- **Data excerpts**
---------------

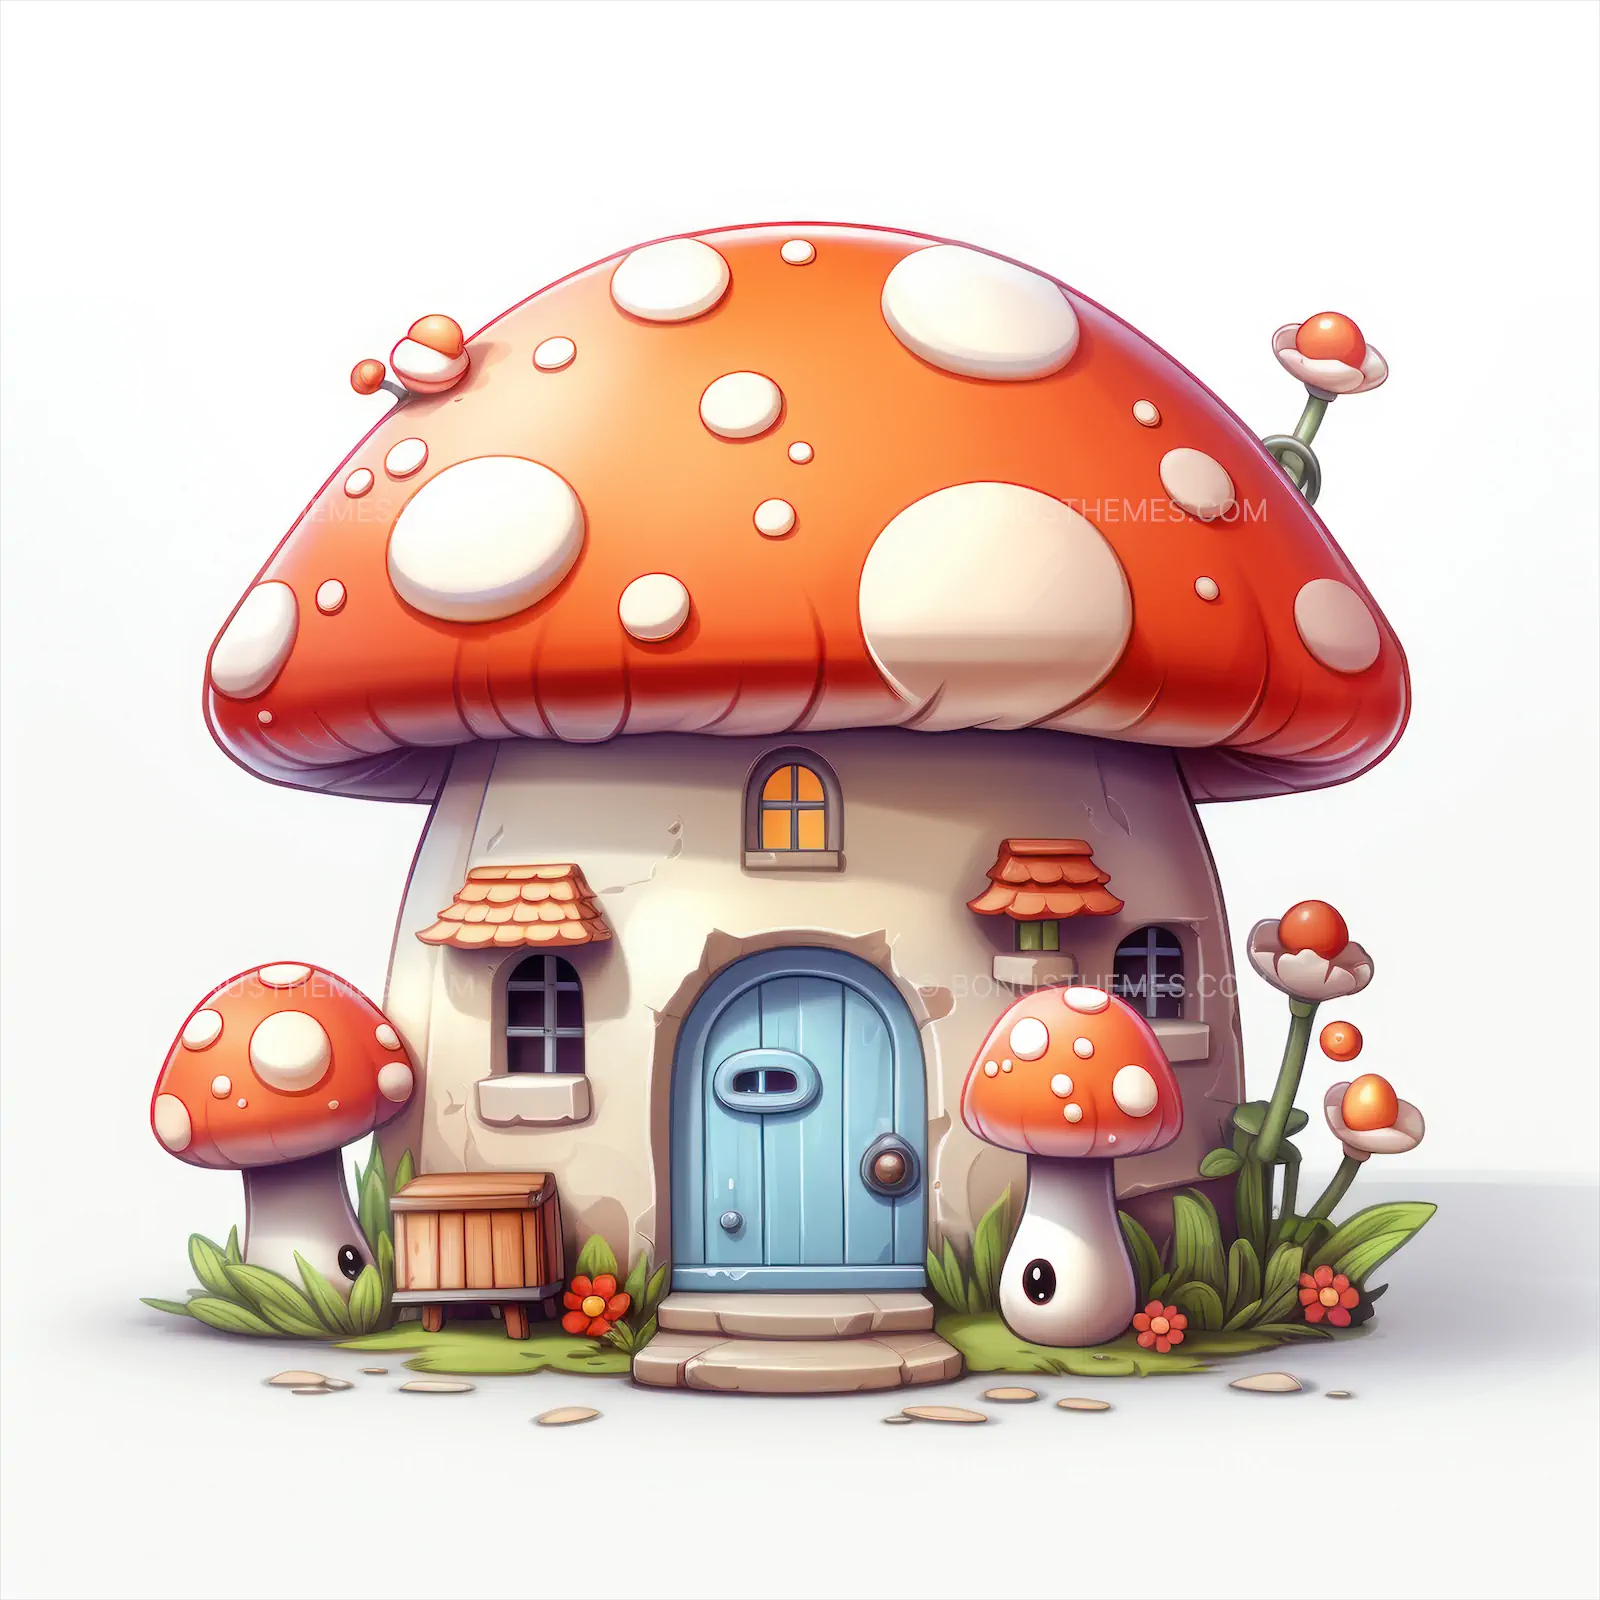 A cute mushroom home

---------------

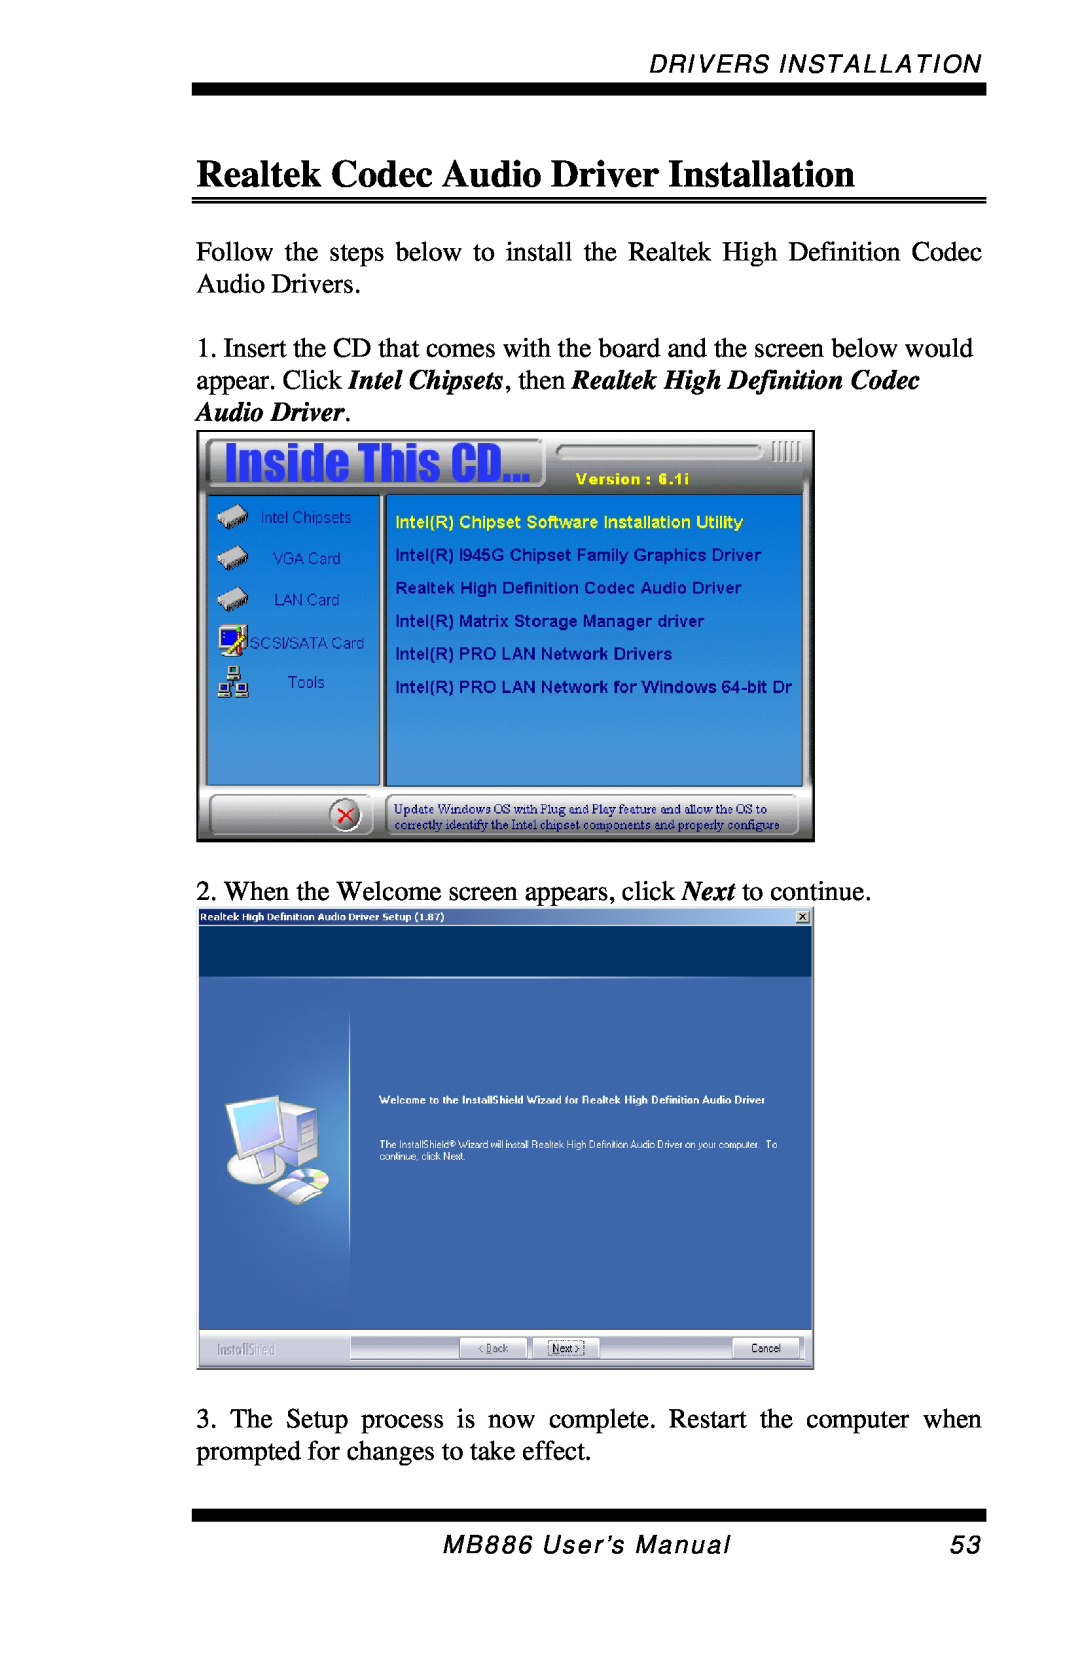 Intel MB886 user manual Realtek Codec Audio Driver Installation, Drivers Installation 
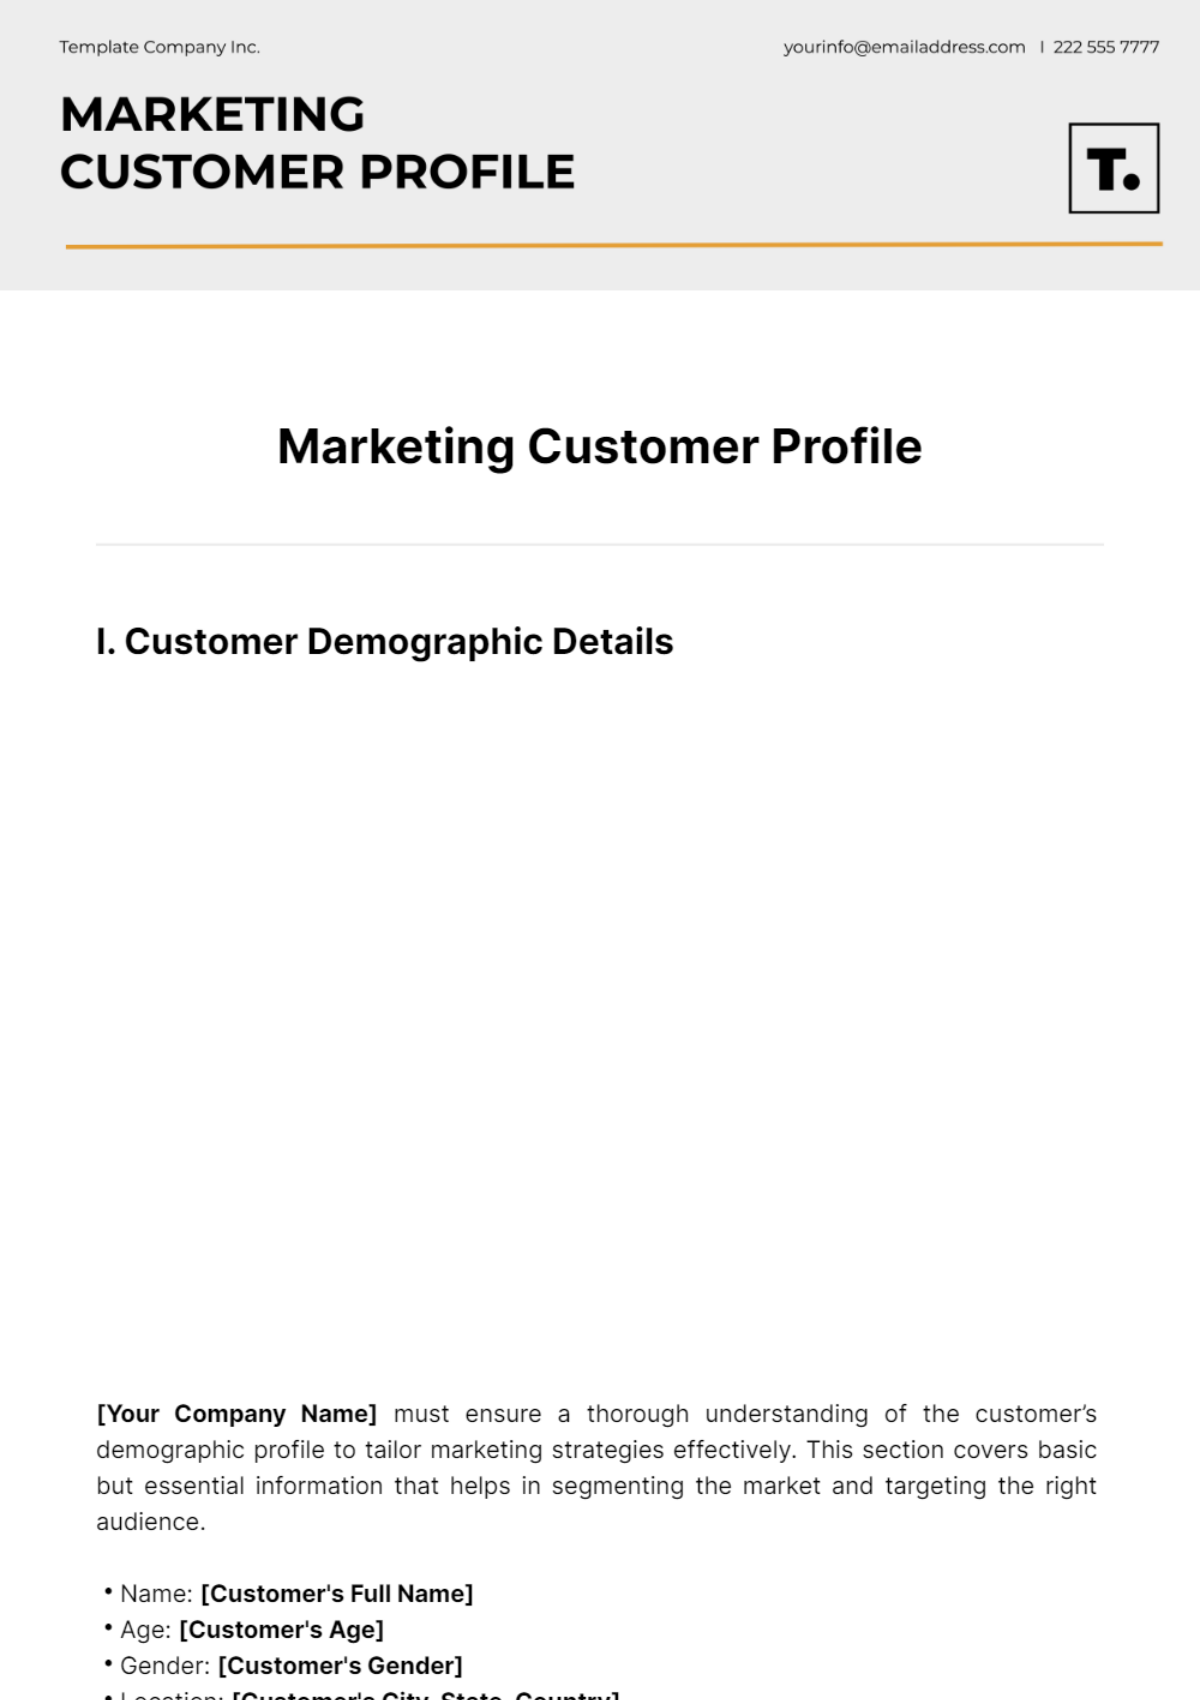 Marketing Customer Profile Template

---------------

- **Aim of the task**
Your reply is to be an exact repeat of the listing above from the line holding "Intel MB886 user" down to the line holding "Marketing Customer Profile Template", ends included, pictures excluded.

- **Solution to the problem**
 Intel MB886 user manual Realtek Codec Audio Driver Installation, Drivers Installation 
 Marketing Customer Profile Template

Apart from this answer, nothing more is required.